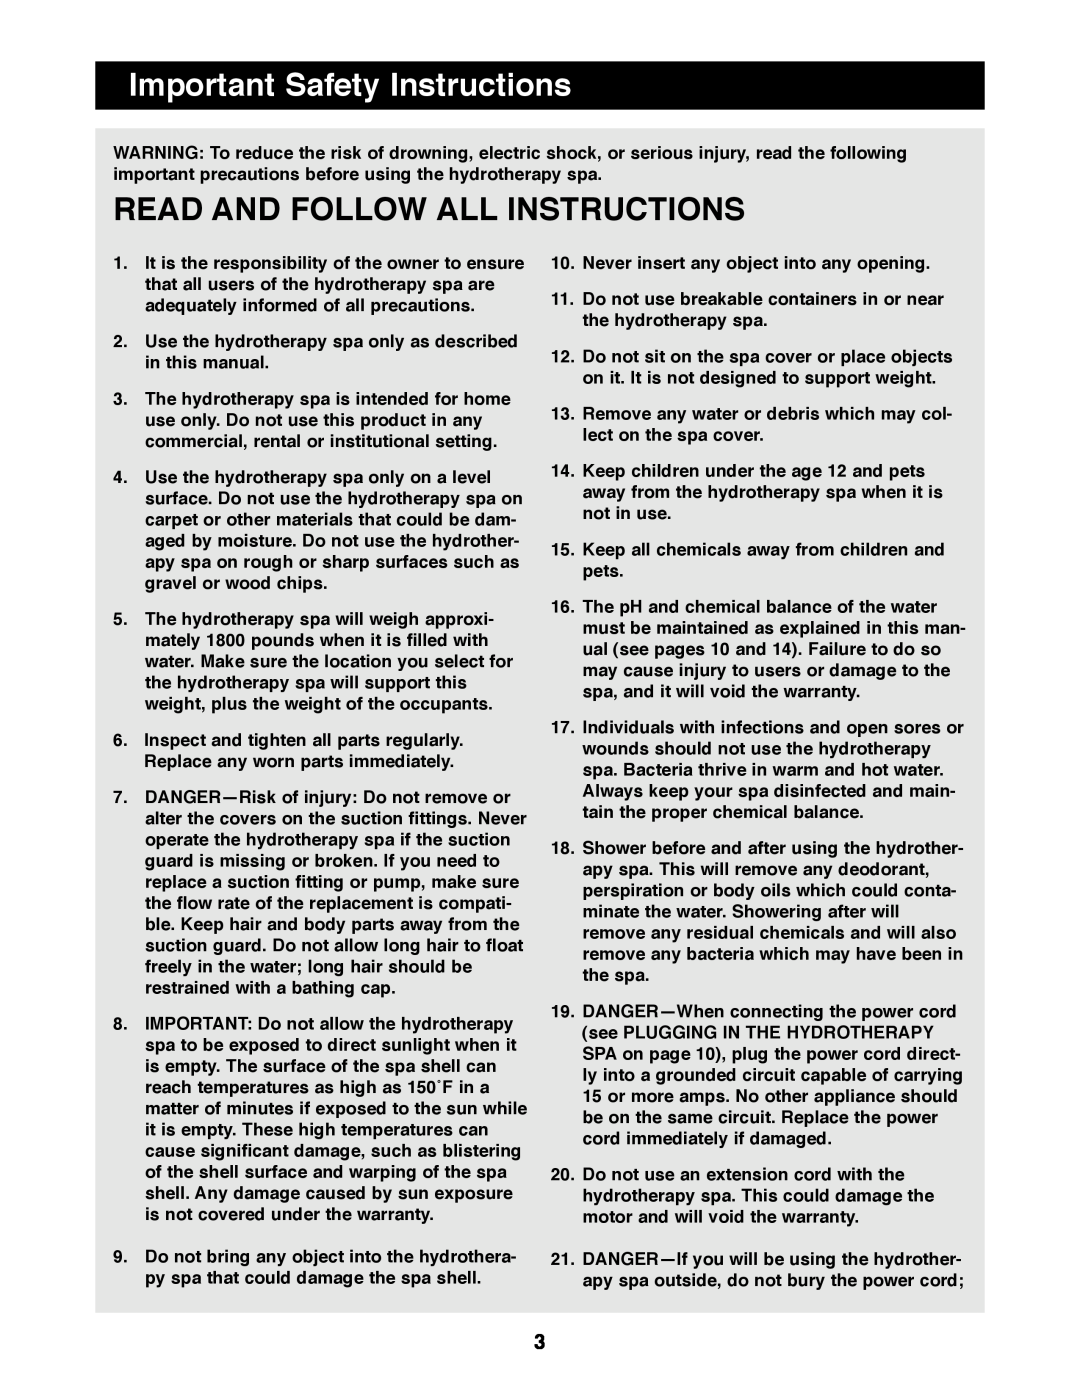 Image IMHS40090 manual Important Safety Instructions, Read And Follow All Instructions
* * *
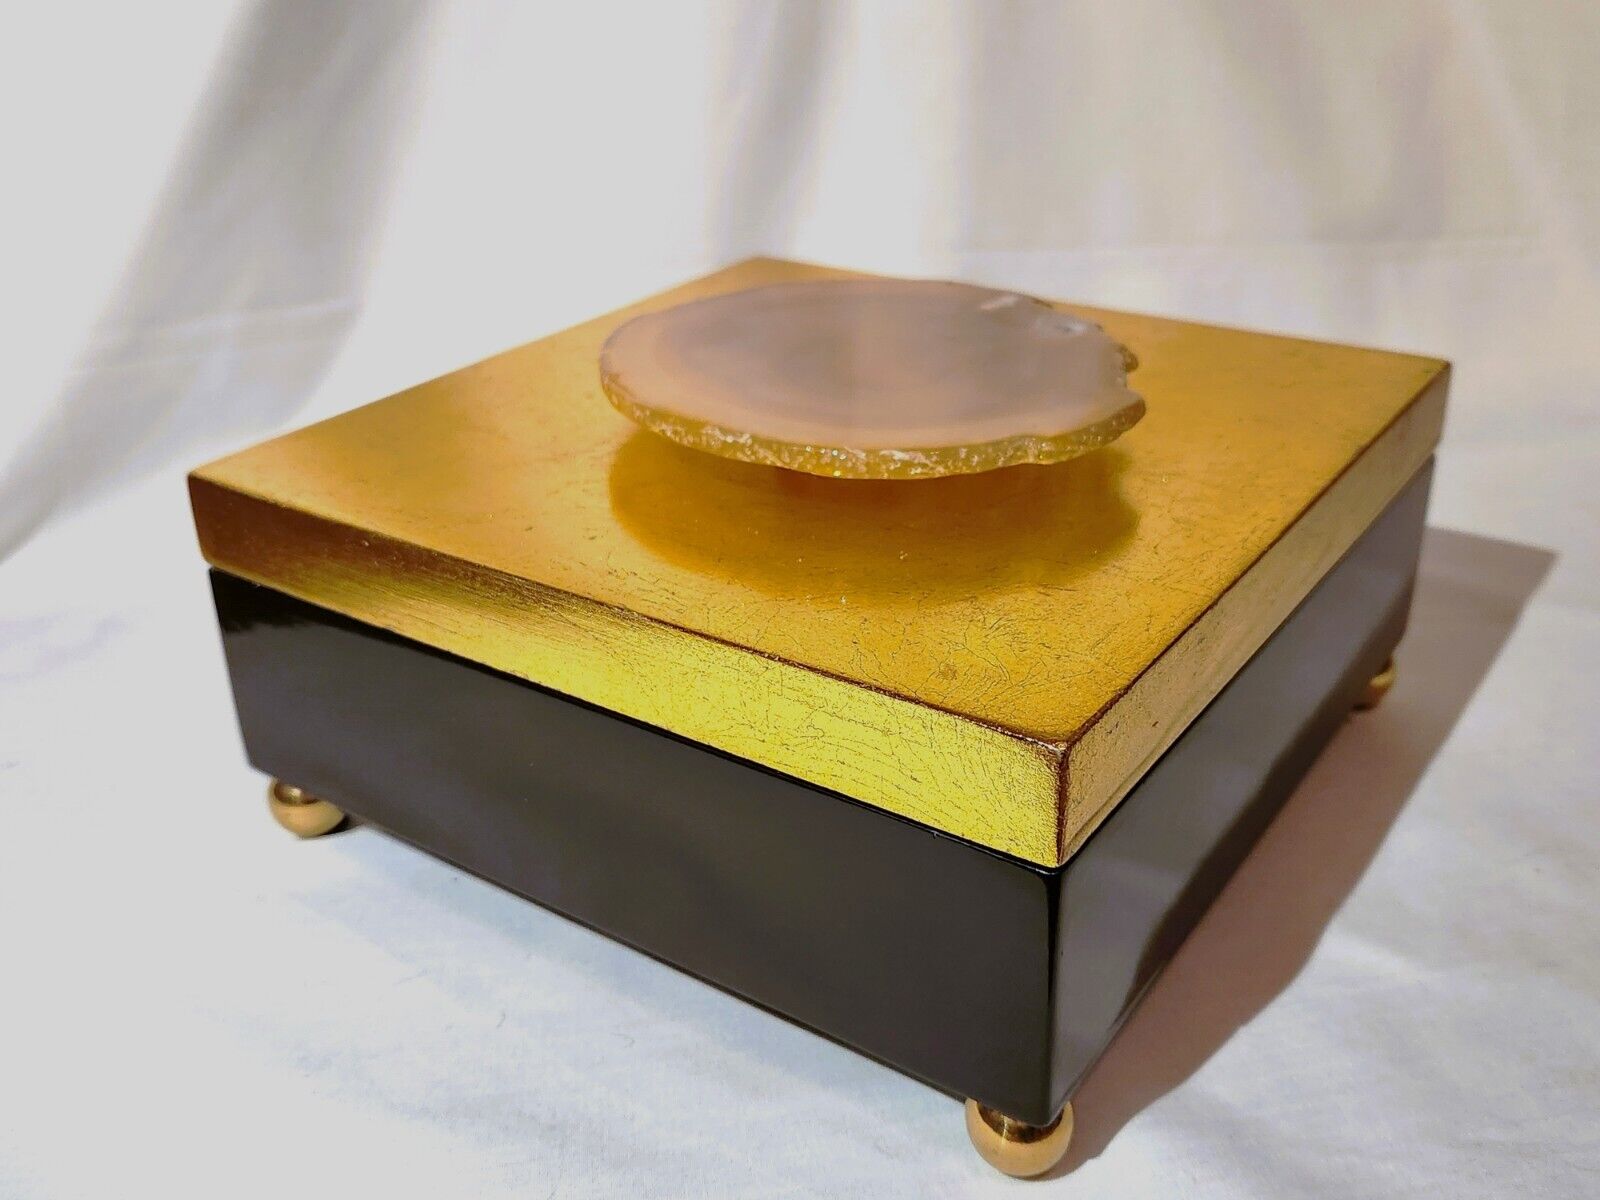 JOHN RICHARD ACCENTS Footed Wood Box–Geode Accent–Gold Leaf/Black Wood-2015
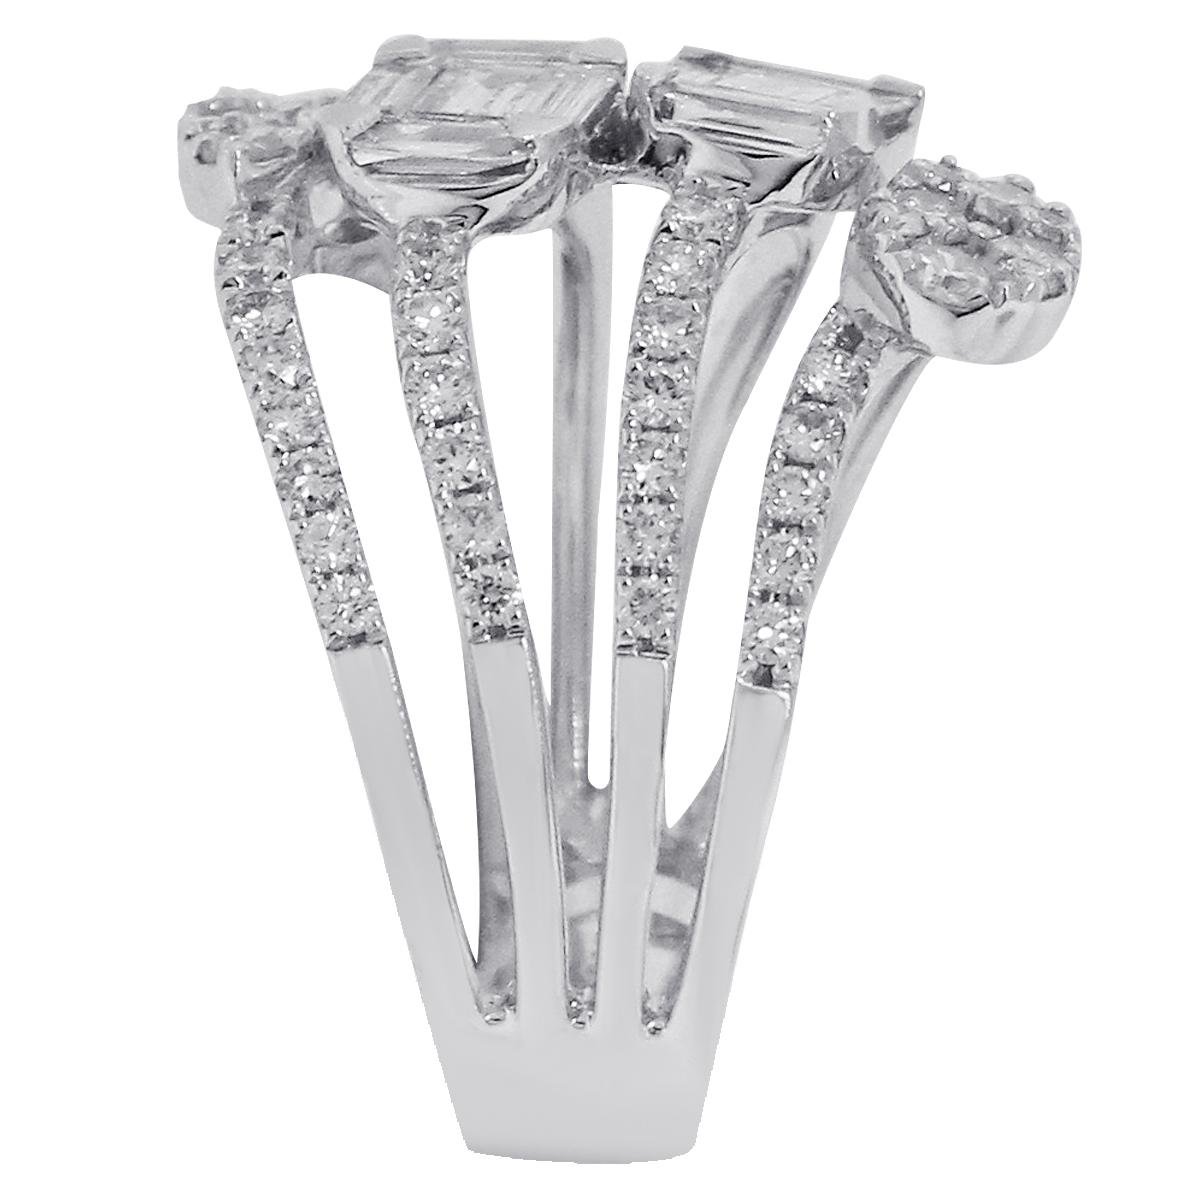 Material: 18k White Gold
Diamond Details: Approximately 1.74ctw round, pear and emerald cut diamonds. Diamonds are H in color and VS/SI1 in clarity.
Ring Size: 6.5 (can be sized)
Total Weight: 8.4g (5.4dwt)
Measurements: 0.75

- **Task brief**
Above this task is a listing with pictures in it. Retype only the lines from the one containing "JOHN RICHARD ACCENTS" through the one containing "Measurements: 0.75", both included, and not the pictures.

- **Result**
 JOHN RICHARD ACCENTS Footed Wood Box–Geode Accent–Gold Leaf/Black Wood-2015
 Material: 18k White Gold
Diamond Details: Approximately 1.74ctw round, pear and emerald cut diamonds. Diamonds are H in color and VS/SI1 in clarity.
Ring Size: 6.5 (can be sized)
Total Weight: 8.4g (5.4dwt)
Measurements: 0.75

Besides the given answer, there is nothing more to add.